Cette seule phrase de ladite déposition est lourde de sous-entendus. Les villageois de l’époque n’avaient plus la possibilité d’embellir les tombes de leurs aïeux, ni de les honorer, ni de les soigner. Le problème se situe ici au niveau du « culte », et des « honneurs » que les fidèles entendaient rendre aux sépultures. L’abbé ne réparait rien, et le but de ce remuement du cimetière, consistait à « retirer les croix », et à « soigner » les dépouilles des morts de « façon étrange », et totalement contraire aux volontés des villageois. Ils n’étaient point libres de « SOIGNER » à leur entendement les sépultures. Ce qui présuppose que la volonté de l’abbé était de « SOIGNER AUTREMENT » les morts, par exemple en remplaçant les croix par d’autres signes, ou en utilisant les ossements dans un rite nocturne. Les deux auteurs précédemment cités, ajoutent de même que le fait de « soigner » les tombes, pour l’abbé, s’accompagnait de la présence de Marie Denarnaud. Fait fort étrange, inexplicable, hormis l’hypothèse d’un rituel sur les morts et les ossements plus ou moins Catharisant. La puissante constitution de Saunière, son physique plutôt robuste, n’expliquaient pas qu’il ait besoin d’une femme pour soulever les tombes… Le rituel était donc plus proche du « consolamentum », c'est-à-dire d’un rite Cathare qui se paye très cher, car indispensable au repos du « fidèle ». J. M. Vidal, dans son ouvrage « Doctrine et Morale des derniers ministres Albigeois » soulignait en effet ceci : « On l’administre aux mourants, voire aux morts, lorsqu’ils ne peuvent plus pécher. » N’oublions point que Marie Denarnaud aurait pu faire le rôle, dans le rite, du « Socius », c'est-à-dire de l’assistante de cérémonie d’un parfait Cathare. Le propre d’un couple de parfaits n’est-il pas de ne point être uni dans la chair ? Autrement dit, Marie Denarnaud pouvait être la « parfaite », du « parfait » abbé Saunière.
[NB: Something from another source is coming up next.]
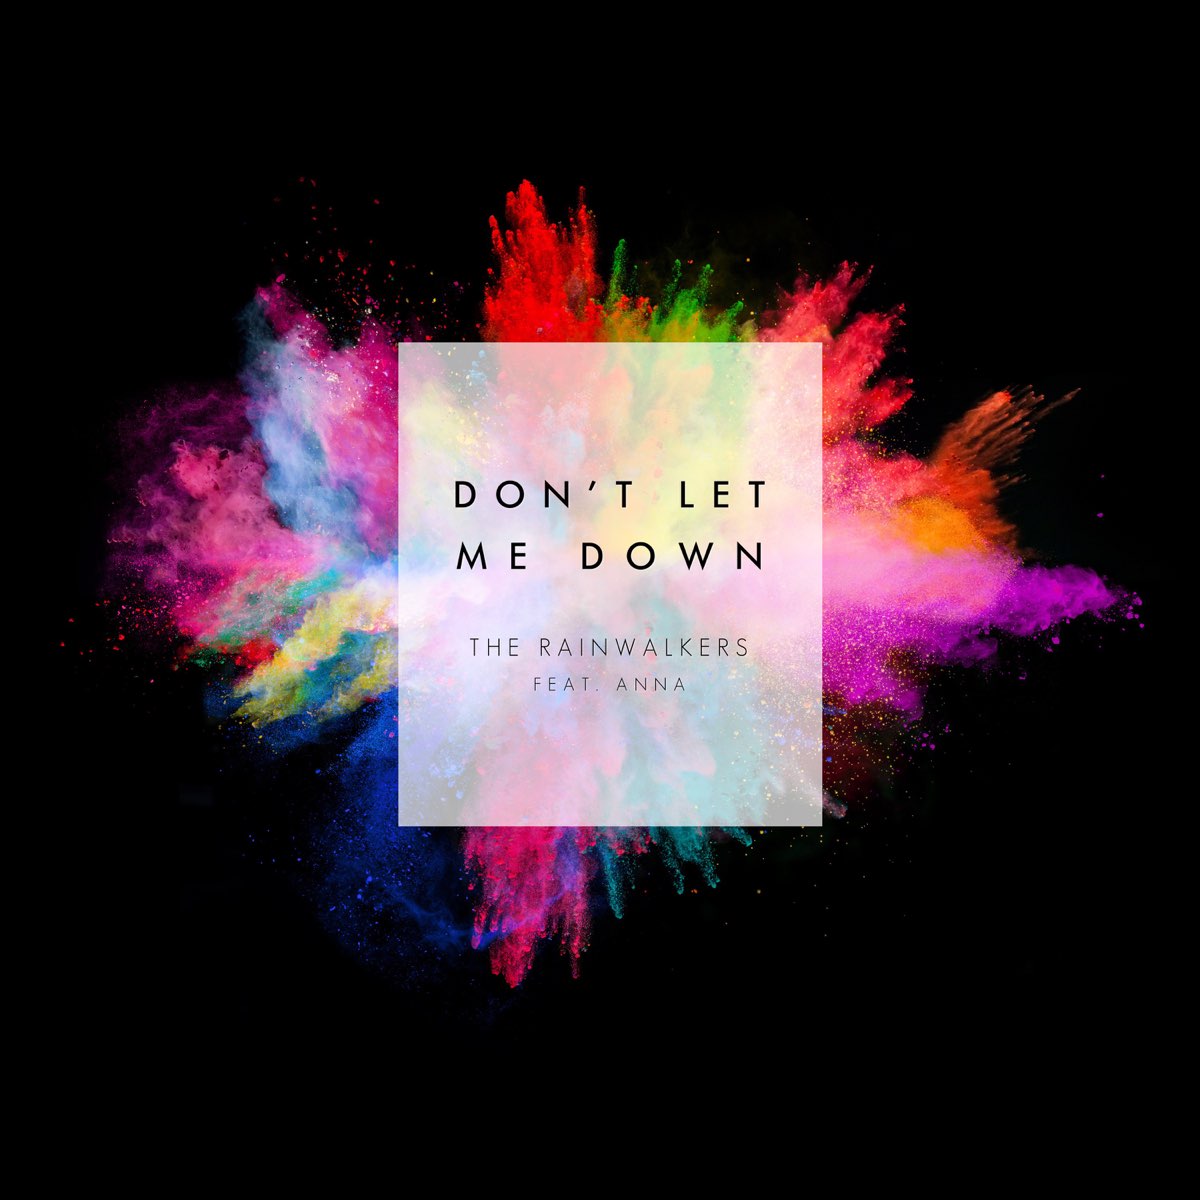 Dont feat. Don`t Let me down. Don't Let me down обложка. The Chainsmokers don't Let me down. Don't Let me down the Chainsmokers обложка.

Une telle pratique ne pouvait aller sans une motivation particulière, à savoir le rituel de Tobit (ce nom provient de l’expression « TAU OBITUS », qui signifie en latin, TAU MORT, TAU DÉFUNT, TAU EN DÉCOMPOSITION, TAU EN PUTRÉFACTION), repris ensuite par les Saints Chaldéens, Abdon et Sennen. L’abbé ne pouvait ignorer ce rite, et se voulait le maître de cérémonie d’un culte secret et nocturne, sous le haut patronage de l’archange Raphaël de La Sanch. Mais reprenons le cours de notre récit :

Un Poisson sur le Grill

« (Sept., Sinaït., Vat.) A Ecbatane, ville de Médie, Sahra, fille de Raguël, fut de même que Tobit, injuriée. Car elle avait eu successivement sept maris, et Asmodée, un Daemon, les avait fait mourir la nuit. Elle fut injuriée par sa famille en ces termes : « Meurtrière de tes maris ! Un Daemon, Asmodée fait mourir tes maris, et tu en as eu déjà sept. Or tu as fait mourir tes maris, et préparer leur sépulture. » Ayant été couverte de honte, elle songeait à être enterrée, et à se pendre. » (Comme Tobit !)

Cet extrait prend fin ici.